Петр Константинович встал, в волнении сделал несколько шагов по кабинету и снова сел. Лютиков молчал, и по выражению его лица было невозможно понять, что он думает. Да Смайдов и не старался этого делать. Он, наверное, даже и забыл, что перед ним сидит только один Лютиков. Он как бы обращался ко всем тем, кто несет ответственность за судьбу каждого молодого человека, ко всем, у кого должно болеть сердце за этого молодого человека так же, как оно болит у него самого.

- Поймите, Сергей Ананьевич, я ведь тоже понимаю, что в основном молодежь у нас здоровая. Но как же быть с теми, кто за пределами этого "в основном"? Вы знаете Беседина? Трудяга! Мастер своего дела! А душа? Вот ведь его главная жизненная концепция: "Надо, чтоб в кармане был не бом-дилинь-бом, а тугой кошель. Только тогда жизнь имеет смысл". Только тогда, вы понимаете? Я думаю, что…

- Что же вы думаете, Смайдов? Что у нас с молодежью - труба? - Лютиков пристукнул ладонью по столу, секунду-другую помолчал и переспросил: - Труба? Полный распад нравов? И можно заказывать панихиду?

Петр Константинович не ответил. Поглаживая пальцы протеза, он сидел, ссутулившись, будто его что-то придавило. Встать и уйти - кроме этого желания, он ничего другого не испытывал. Но все же заставил себя не двинуться с места даже тогда, когда Лютиков резко сказал:

- Вы паникер, Смайдов! Мне даже иногда кажется, что была допущена ошибка, когда вас рекомендовали на должность парторга. Да вы что, голубчик, совсем растеряли большевистский оптимизм? Как же воспитывать молодежь, если сам ни во что не веришь?

Петр Константинович ничего не ответил. Не в первый раз Лютиков давал ему понять, что именно от него зависит, работать или не работать парторгу в доках. Делал он это иногда грубо, иногда старался свою мысль как-то завуалировать, но факт оставался фактом: Лютиков был твердо убежден, что он в любой момент может избавиться от человека, который "пришелся не ко двору".

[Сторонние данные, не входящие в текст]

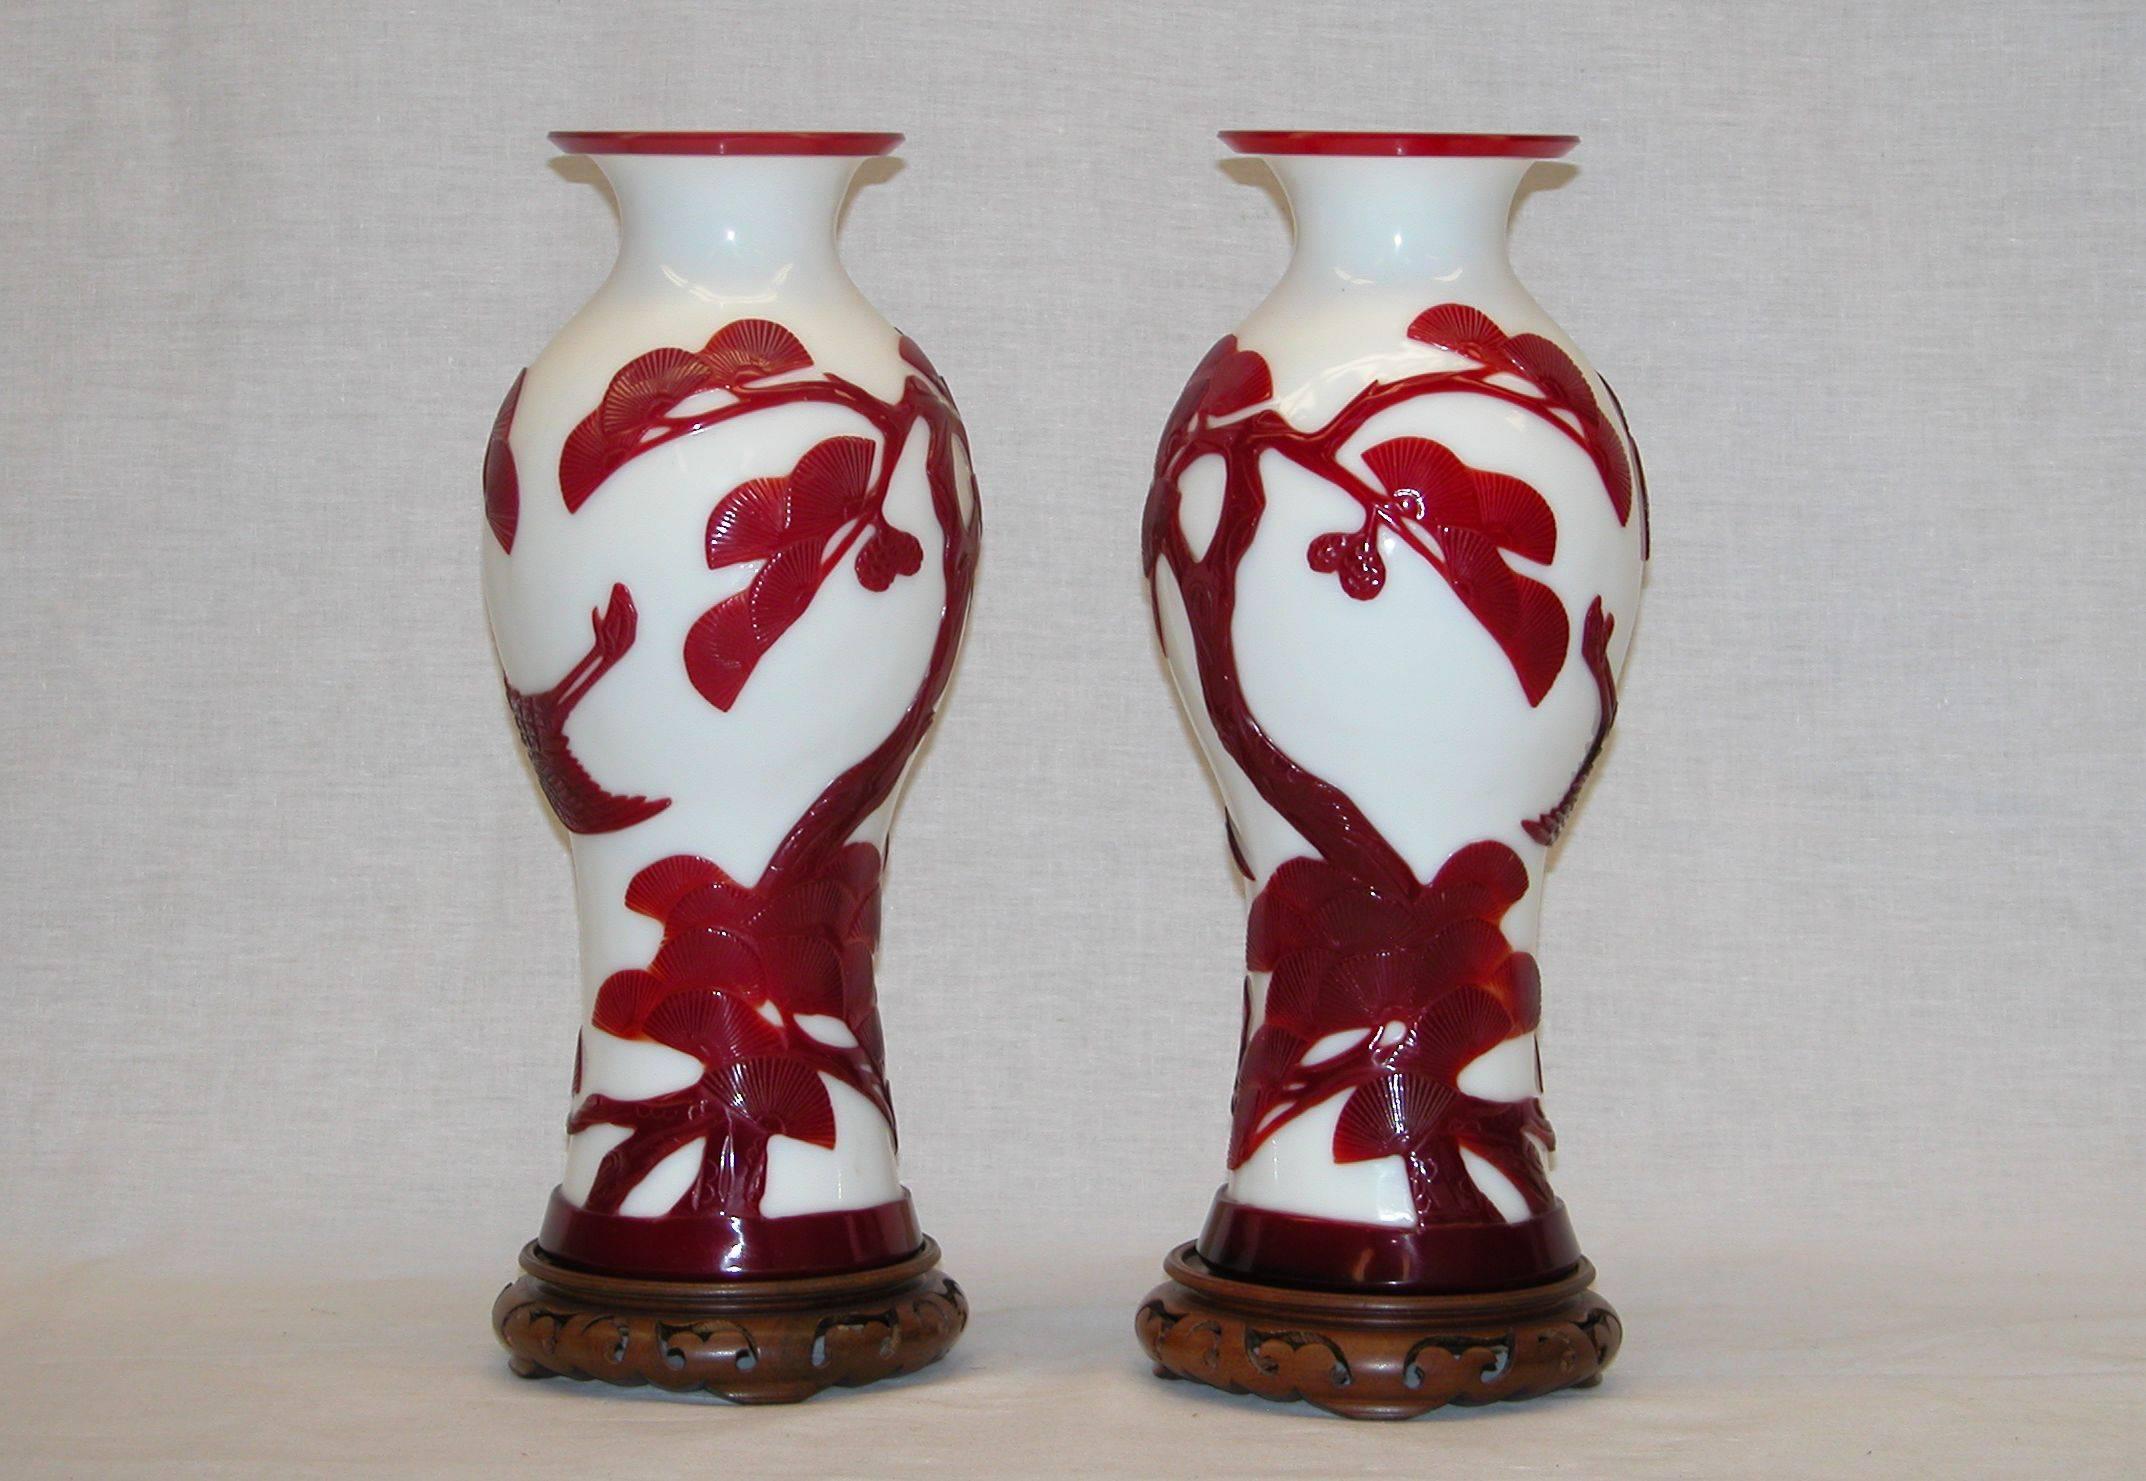 Pair of mint condition glass urns on wooden bases in excellent condition, late 19th century. Red over white glass design including birds in flight and extremely well-done Chinese branches and leaves.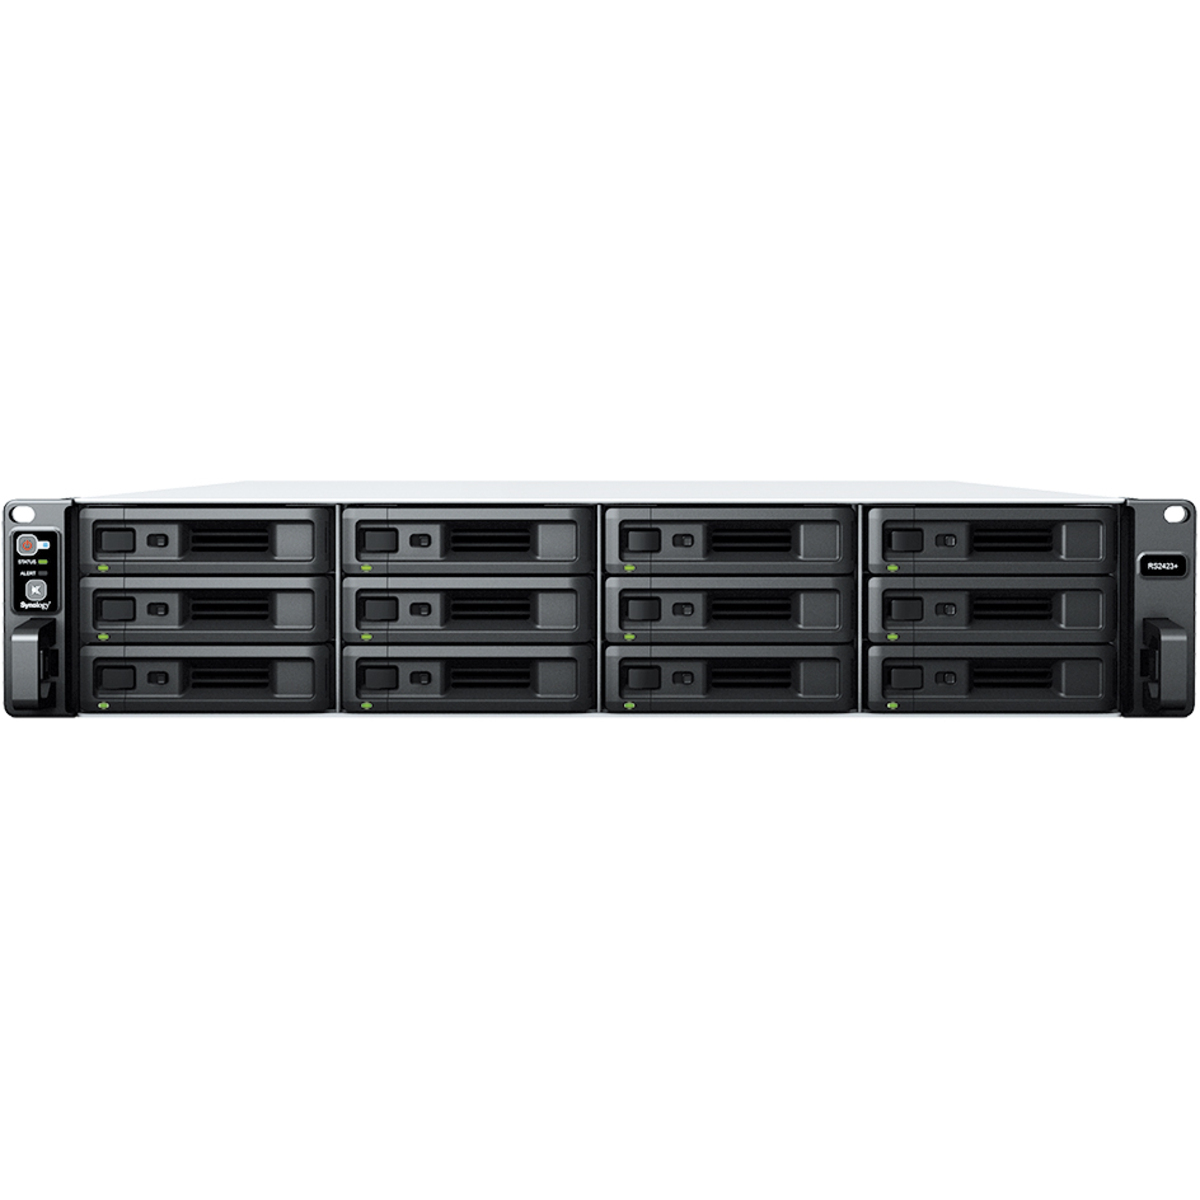 Synology RackStation RS2423+ 8tb 12-Bay RackMount Multimedia / Power User / Business NAS - Network Attached Storage Device 8x1tb Samsung 870 EVO MZ-77E1T0BAM 2.5 560/530MB/s SATA 6Gb/s SSD CONSUMER Class Drives Installed - Burn-In Tested RackStation RS2423+

- Простите за нескромный вопрос, - неожиданно спросил Сергей Ананьевич, - сколько вам лет, товарищ Смайдов?

- Уже не мальчик, - невесело усмехнулся Петр Константинович. - За сорок пять.

- Мне почти столько же. Но у меня, наверное, больше житейского опыта. Поэтому, если хотите, разумеется, примите мой дружеский совет: может, вам стоит подумать о другой работе? Устройтесь начальником маленького аэропорта или пристани - в общем, куда хотите, только не туда, где много людей. По-моему, с людьми вы работать не можете. Не думайте, что это упрек, - не каждому это дано.

Лютиков взглянул на часы, давая этим понять, что беседа окончена. А когда Смайдов поднялся, добавил:

- Рекомендую не пренебрегать моим советом. Разве для вас будет лучше, если вам то же самое подскажут на бюро горкома, да еще и сделают соответствующие выводы? Вы также должны иметь в виду и тот факт, что в последнее время рабочие стали писать на вас жалобы. Ваша жестокость по отношению к Езерскому на Шпицбергене заслуживает особого разговора, и мы еще вернемся к этому вопросу… Надеюсь, вам все понятно, товарищ Смайдов?

Смайдов угрюмо посмотрел на Лютикова и, не прощаясь, направился к выходу. Шел, с трудом переставляя ноги. Ему казалось, что он почти физически ощущает на себе взгляд Лютикова, устремленный в его ссутулившуюся спину. "Но почему же я не протестую, почему оставляю в убеждении, что смирился?"

Не дойдя двух-трех шагов до двери, Смайдов мгновение помедлил, потом резко повернулся и посмотрел на Лютикова, а тот, чуть склонившись над столом, стряхивал пепел с папиросы. Он, казалось, нисколько не удивился, что Смайдов вернулся. Он, наверное, даже ожидал этого. Сказал спокойно, не пряча улыбки:

- Как инвалиду, мы, конечно, поможем найти вам подходящее место. Я вам это обещаю.

Смайдов вдруг расправил плечи, слегка обкинул назад голову и по-военному четко шагнул к Лютикову. И оттого, что он сумел побороть в себе сковывающую удрученность, у него неожиданно появилась та уверенность, которую он чуть было не растерял.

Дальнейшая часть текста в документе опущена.